[What is expected]
The expected response is the complete listing below, restated exactly, with its pictures omitted.

[Dataset extract]
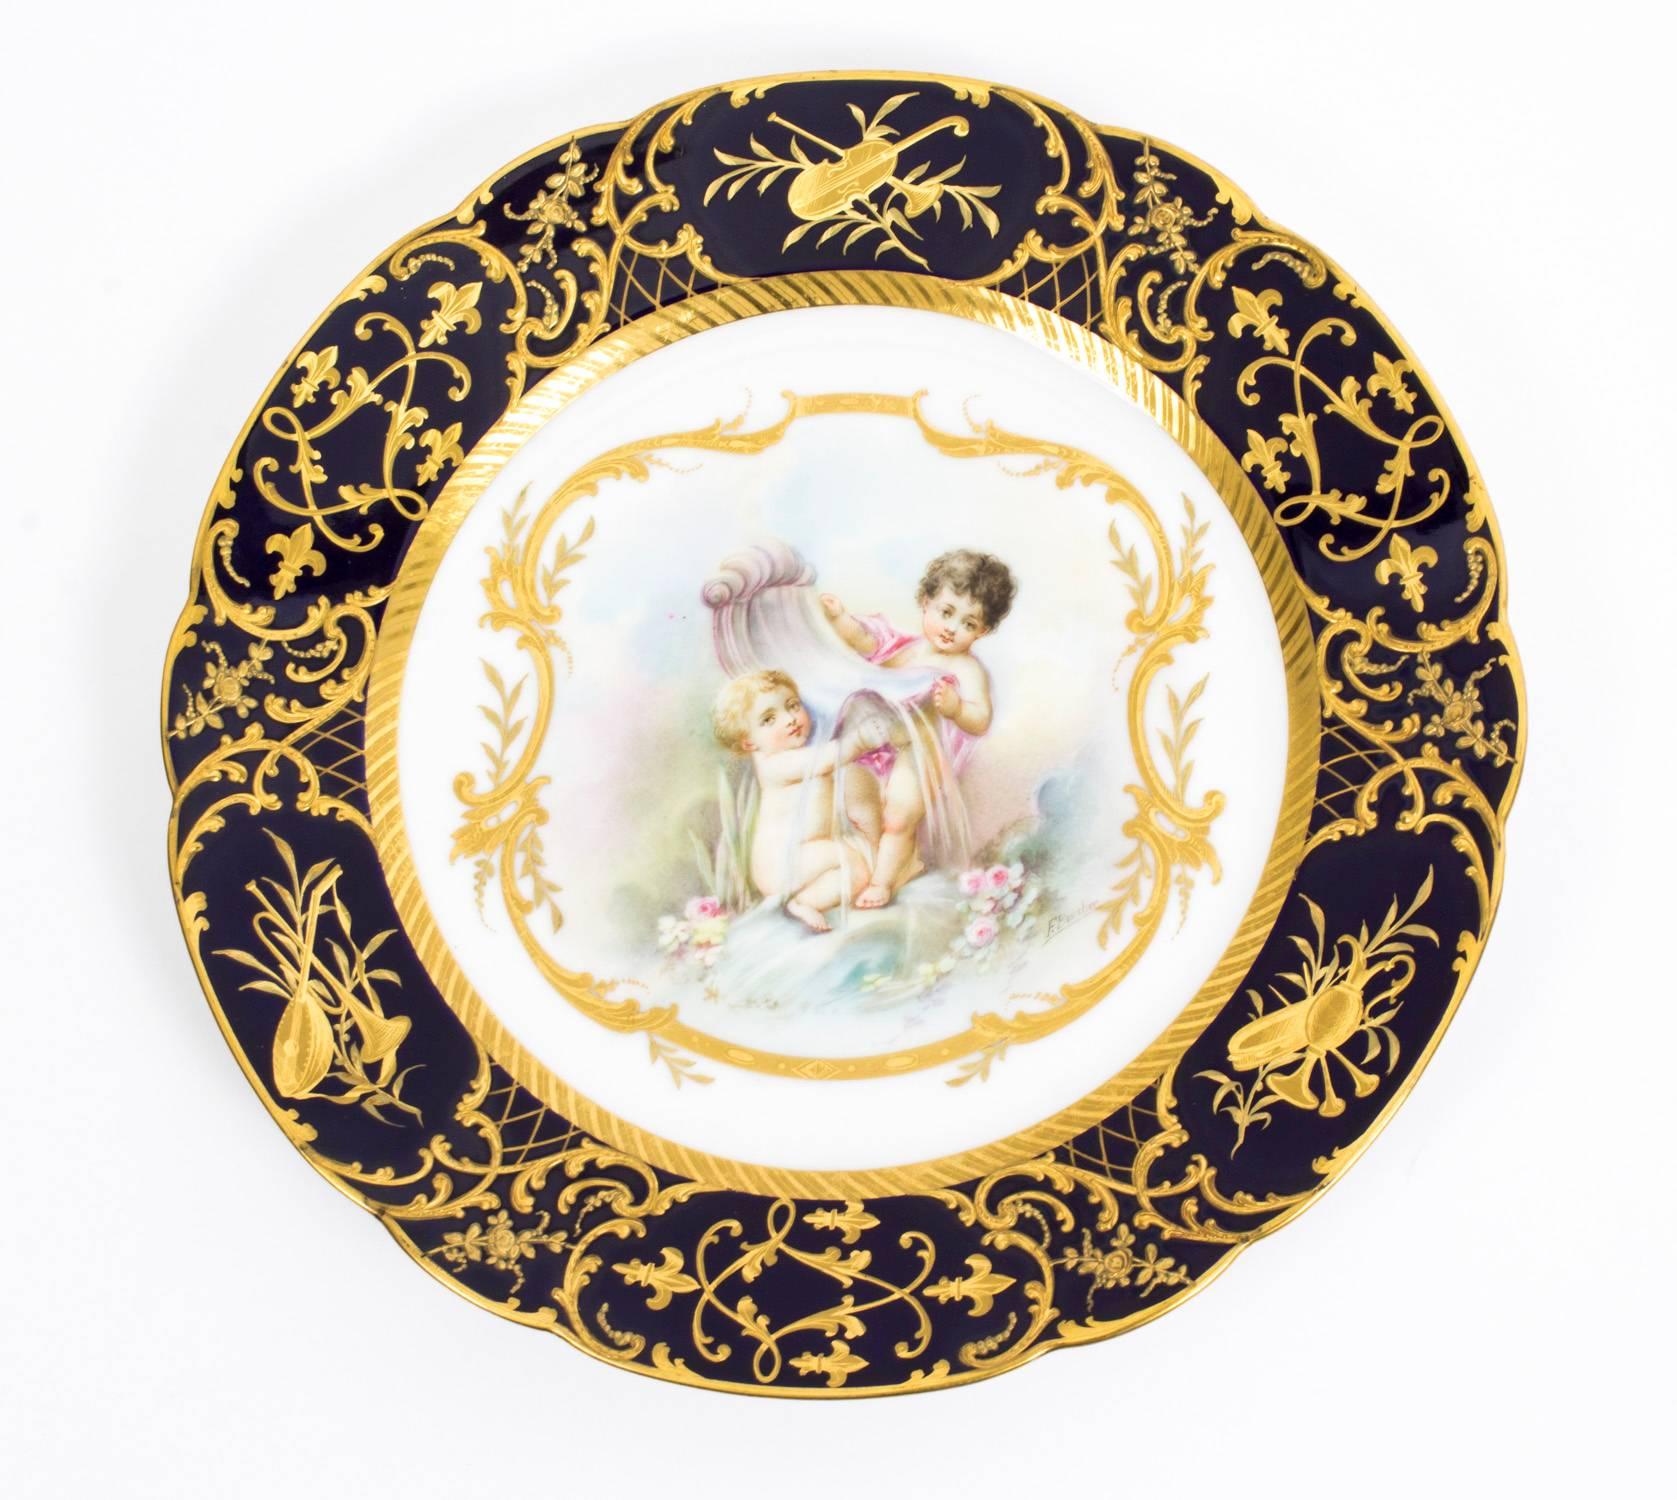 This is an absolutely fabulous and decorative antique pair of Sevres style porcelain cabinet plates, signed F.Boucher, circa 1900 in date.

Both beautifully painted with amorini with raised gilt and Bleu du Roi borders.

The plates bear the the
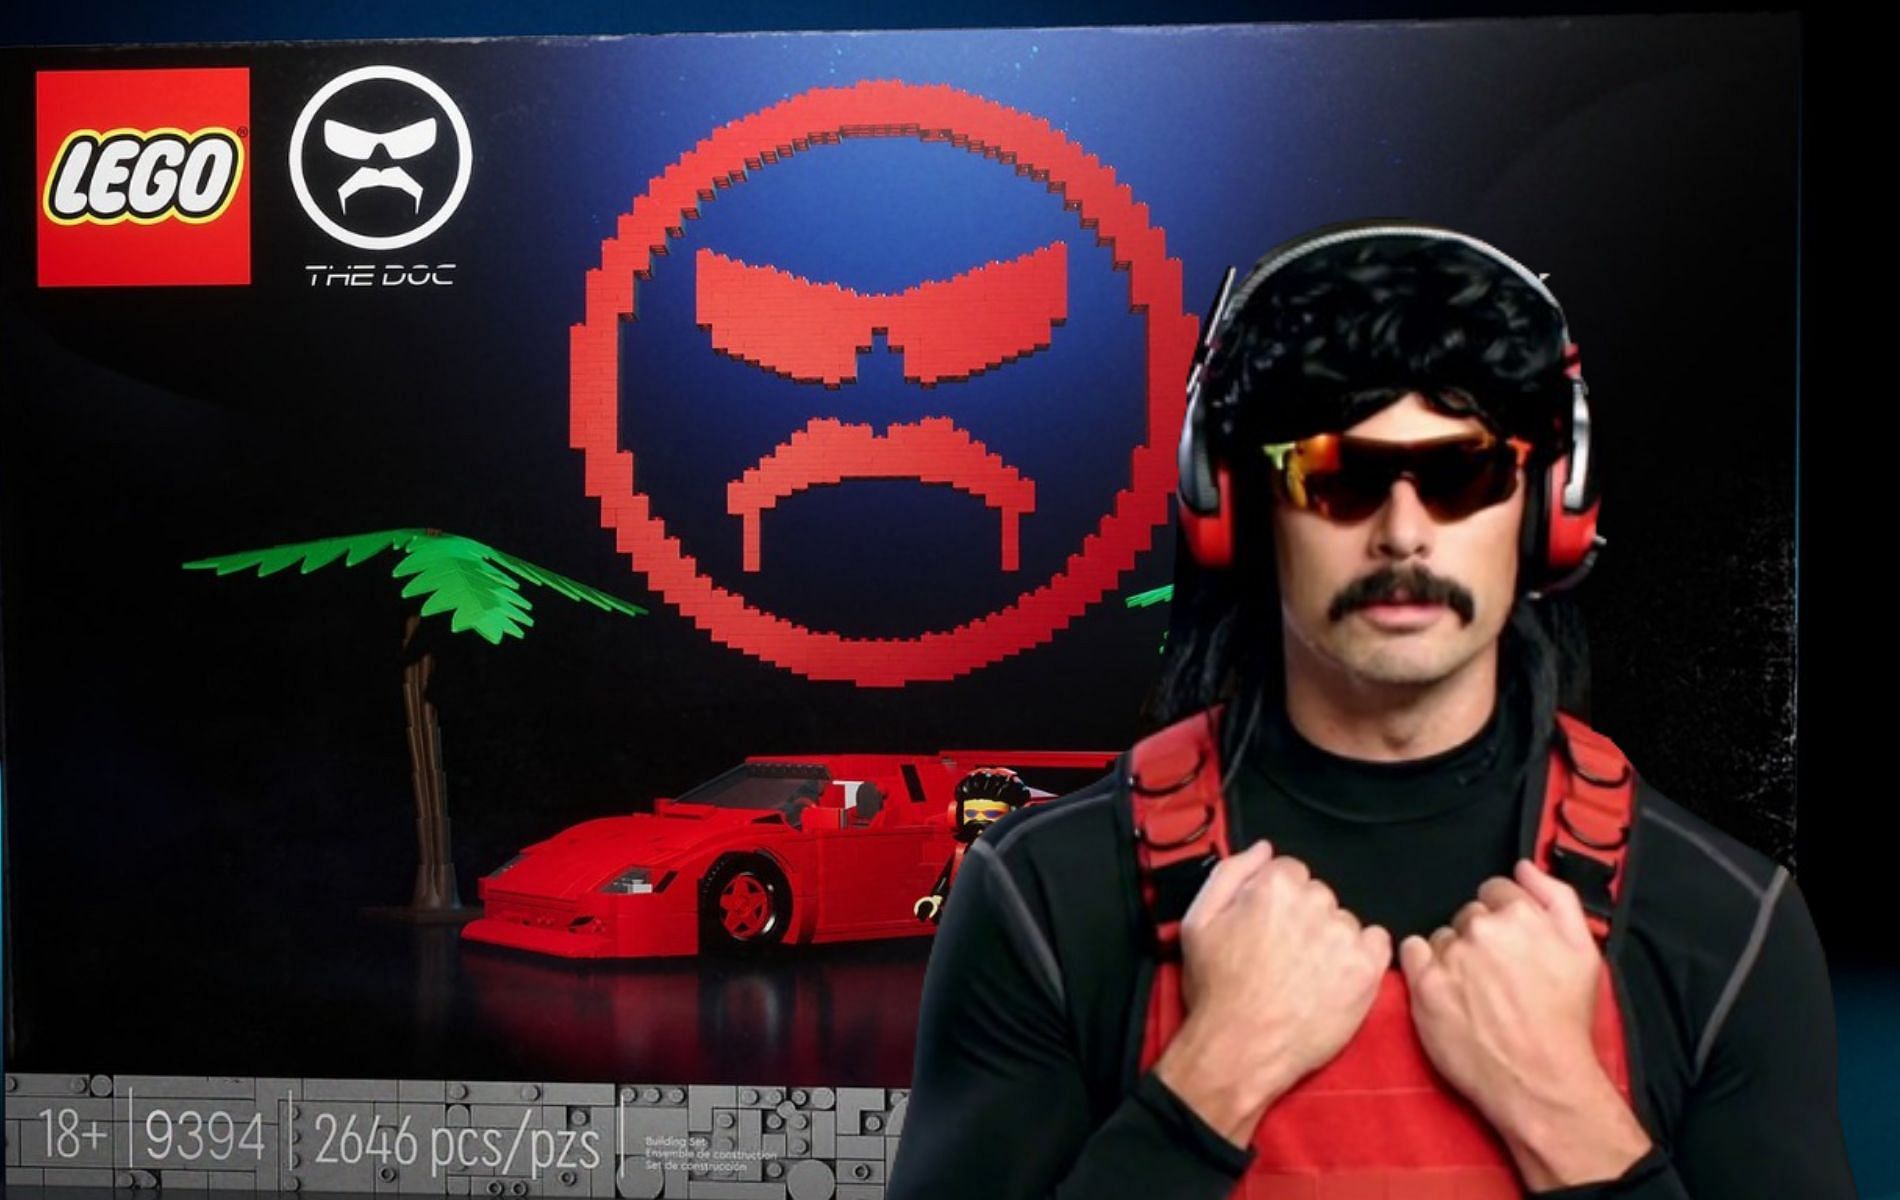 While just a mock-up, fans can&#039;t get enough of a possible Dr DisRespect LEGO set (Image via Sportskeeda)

[Task solution]
 This is an absolutely fabulous and decorative antique pair of Sevres style porcelain cabinet plates, signed F.Boucher, circa 1900 in date.

Both beautifully painted with amorini with raised gilt and Bleu du Roi borders.

The plates bear the the
 While just a mock-up, fans can&#039;t get enough of a possible Dr DisRespect LEGO set (Image via Sportskeeda)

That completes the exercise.